--- RECORDED INFORMATION Enclosed Below ---

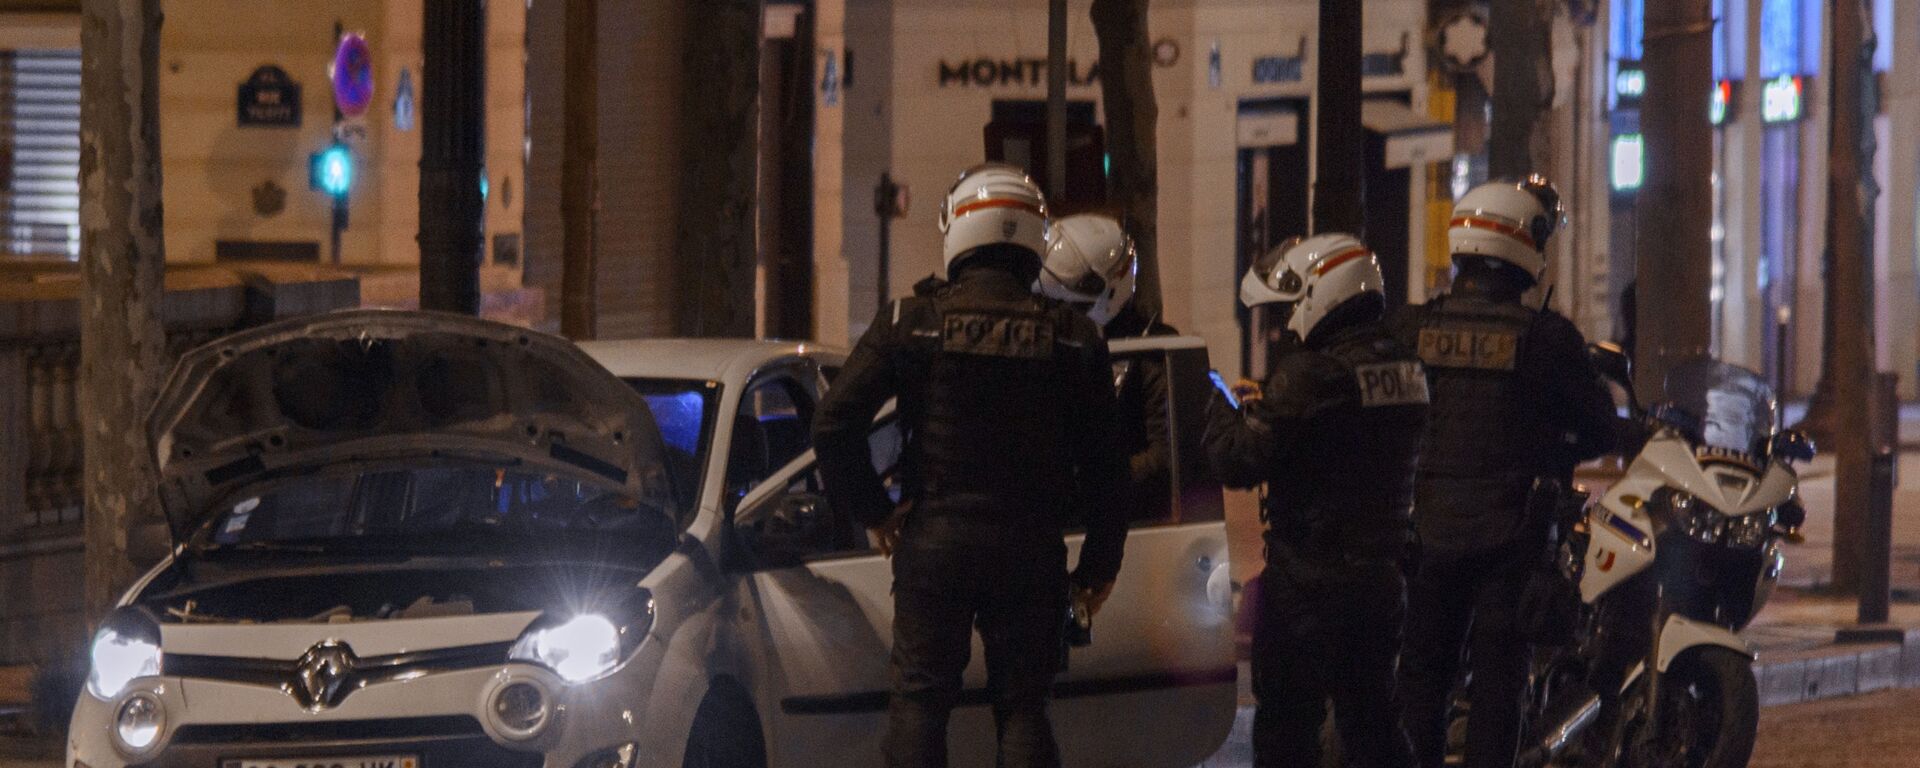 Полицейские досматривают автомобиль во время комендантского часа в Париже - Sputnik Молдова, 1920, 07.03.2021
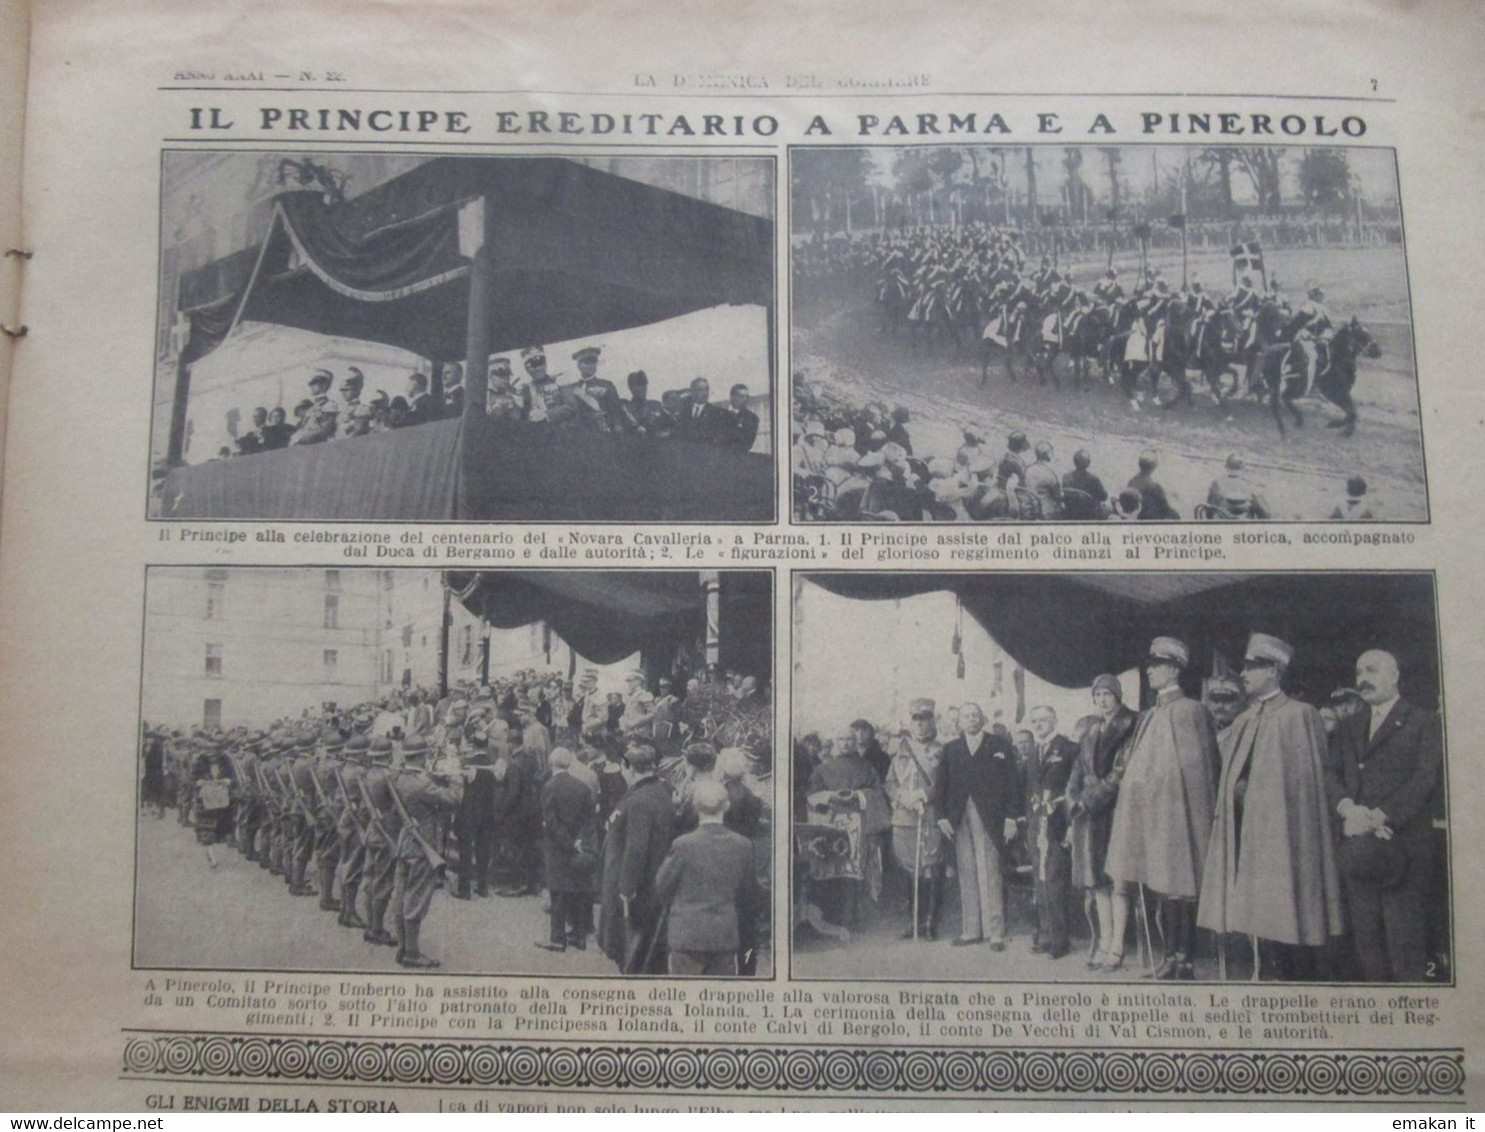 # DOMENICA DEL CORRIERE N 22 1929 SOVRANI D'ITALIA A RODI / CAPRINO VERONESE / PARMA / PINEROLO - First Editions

--- End of Enclosed RECORDED INFORMATION ---
--- RECORDED INFORMATION Enclosed Below ---

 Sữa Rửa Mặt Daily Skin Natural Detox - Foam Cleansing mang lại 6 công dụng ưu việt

--- End of Enclosed RECORDED INFORMATION ---

Pictures aside, print exactly the lines above starting with the one containing "Полицейские досматривают автомобиль" and going on through the one containing "# DOMENICA DEL".

OUTPUT OF THE EXERCISE:
 Полицейские досматривают автомобиль во время комендантского часа в Париже - Sputnik Молдова, 1920, 07.03.2021
 # DOMENICA DEL CORRIERE N 22 1929 SOVRANI D'ITALIA A RODI / CAPRINO VERONESE / PARMA / PINEROLO - First Editions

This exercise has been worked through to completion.